Big data has been with us for ages having existed and getting churned out in both structured and unstructured formats, only that it existed offline or limited distribution digital. With Moore’s laws that says processing capabilities for computers doubles every twenty four months still holding coupled with an equivalent drop in the cost of storage and access to better connectivity the uptake of the cloud has seem tremendous growth of big data. Essentially unshackling the traditional models from constraints which included curation, analysis, search, visualization, storage, sharing, capture among others.
Historical data has been ingested offering unique insights into the past and a possible peek through extrapolation and modeling into the future, but going forward a new itch needs to be scratched. The dynamics of life driven by consumer demand have birthed new services that require not just big data but fast data. The enterprise in an increasingly competitive environment needs real-time and on demand business intelligence and analytics to guide decision making, service personalization, service provisioning and resource allocation.
The need to be both nimble and agile requires that we look beyond the 4V’s on which big data is hinged; volume – the quantity of data generated or ingested, velocity – the rate at which the data is created, veracity – quality of the data and variety – different flavors and formats. Processing and decisioning is now the competitive focus with data warehousing and smarter ingest management in supporting roles.

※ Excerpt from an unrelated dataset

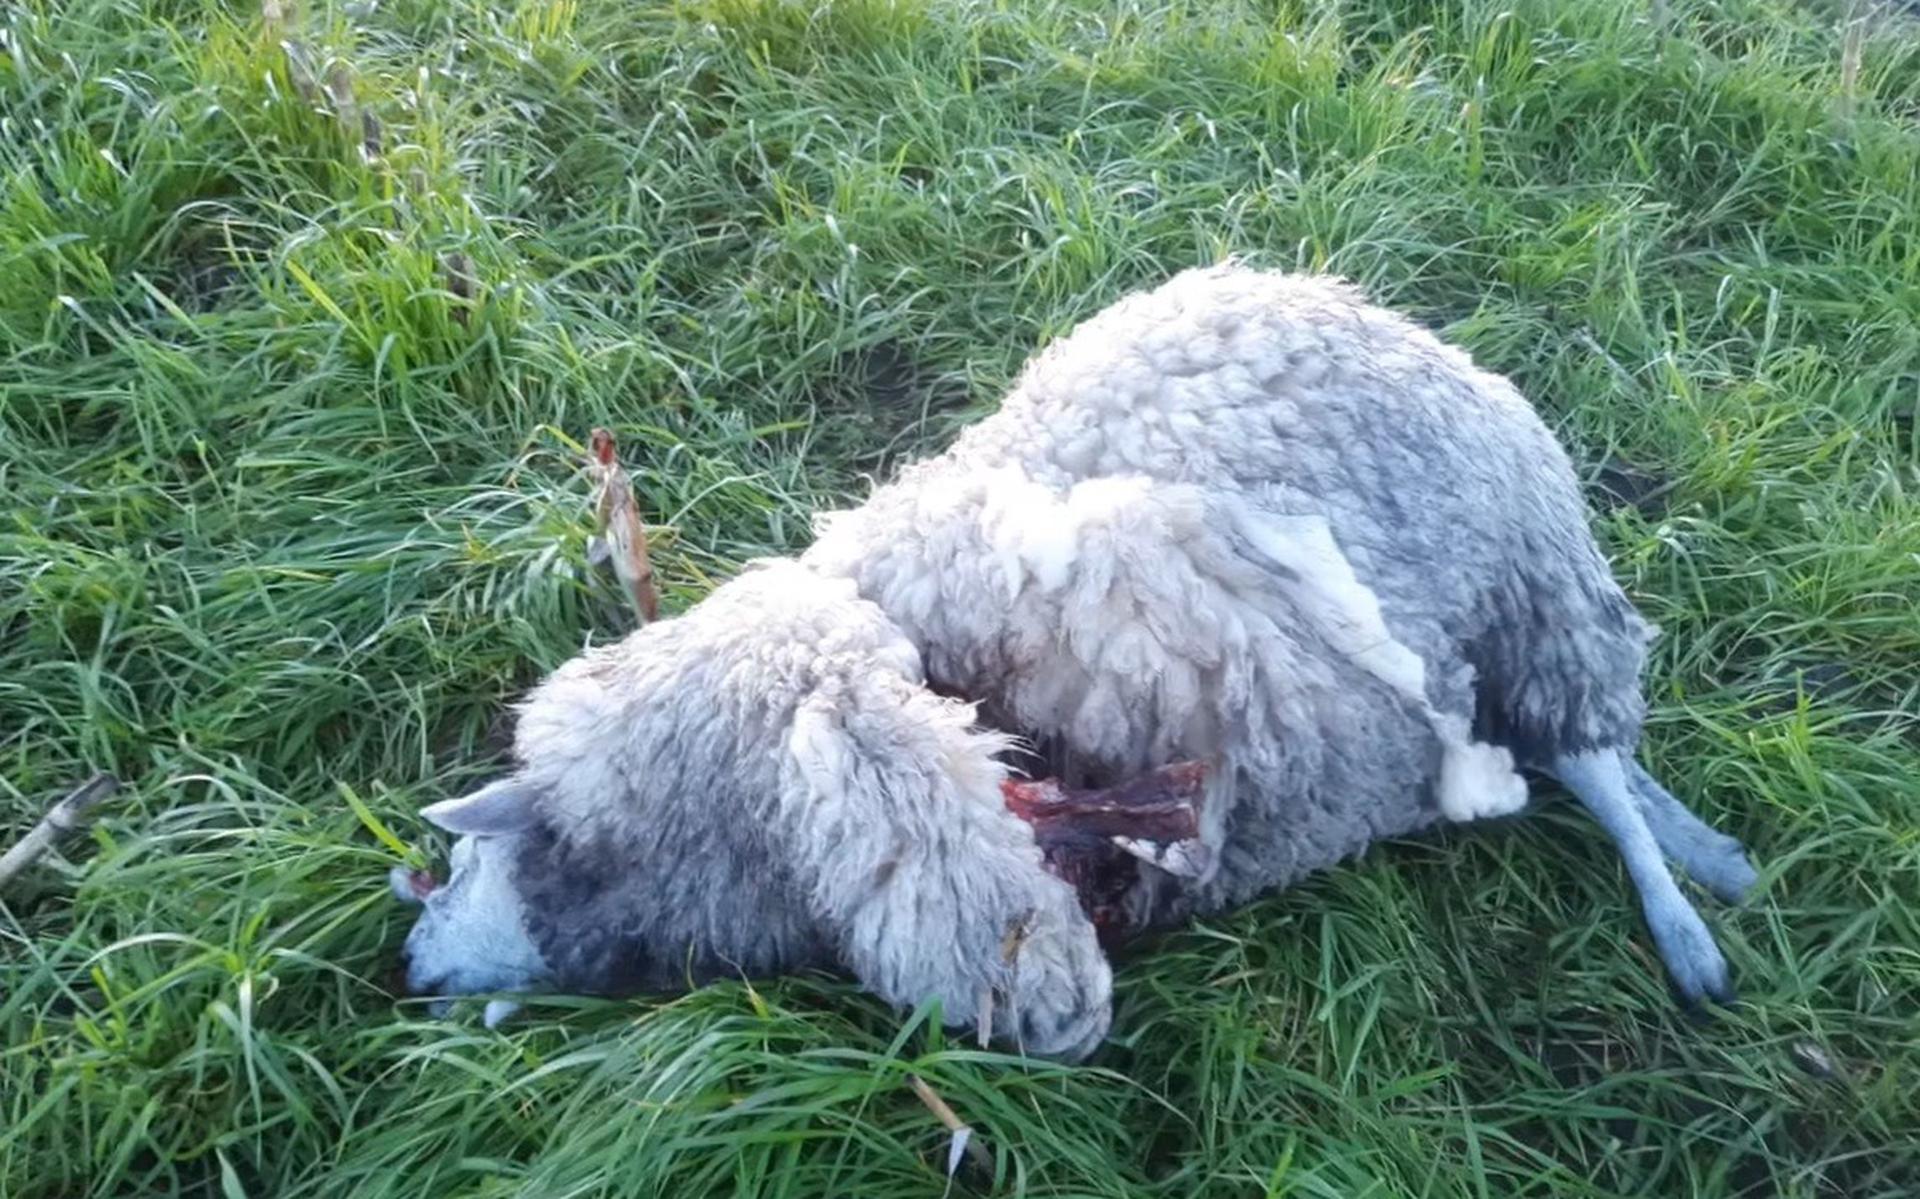 Drie schapen lagen levenloos en met verwondingen in het veld.

Where does fast data apply, you may ask? Think of the backend that would power a pan-african mobile ad serving platform with millions of impressions, multiples devices and varied ad formats served in real-time across different geographies. Imagine the innards of a country wide mass transit system serving millions without missing a heartbeat from payments bring made, cards being issued and topped up and scheduling of the transports. Closer home, visualize a humming traffic control ecosystem that uses data from mounted cameras and a range sensors on the road and on vehicles. Fast moving consumer goods fulfilment systems that are mapped action at the till and market activation initiatives to allow for scaling up or down of production and logistical adaptations to achieve maximum return on capital. Lots of data collected, but only of value if processed and output blazing fast.
The real-time intelligent enterprise is here.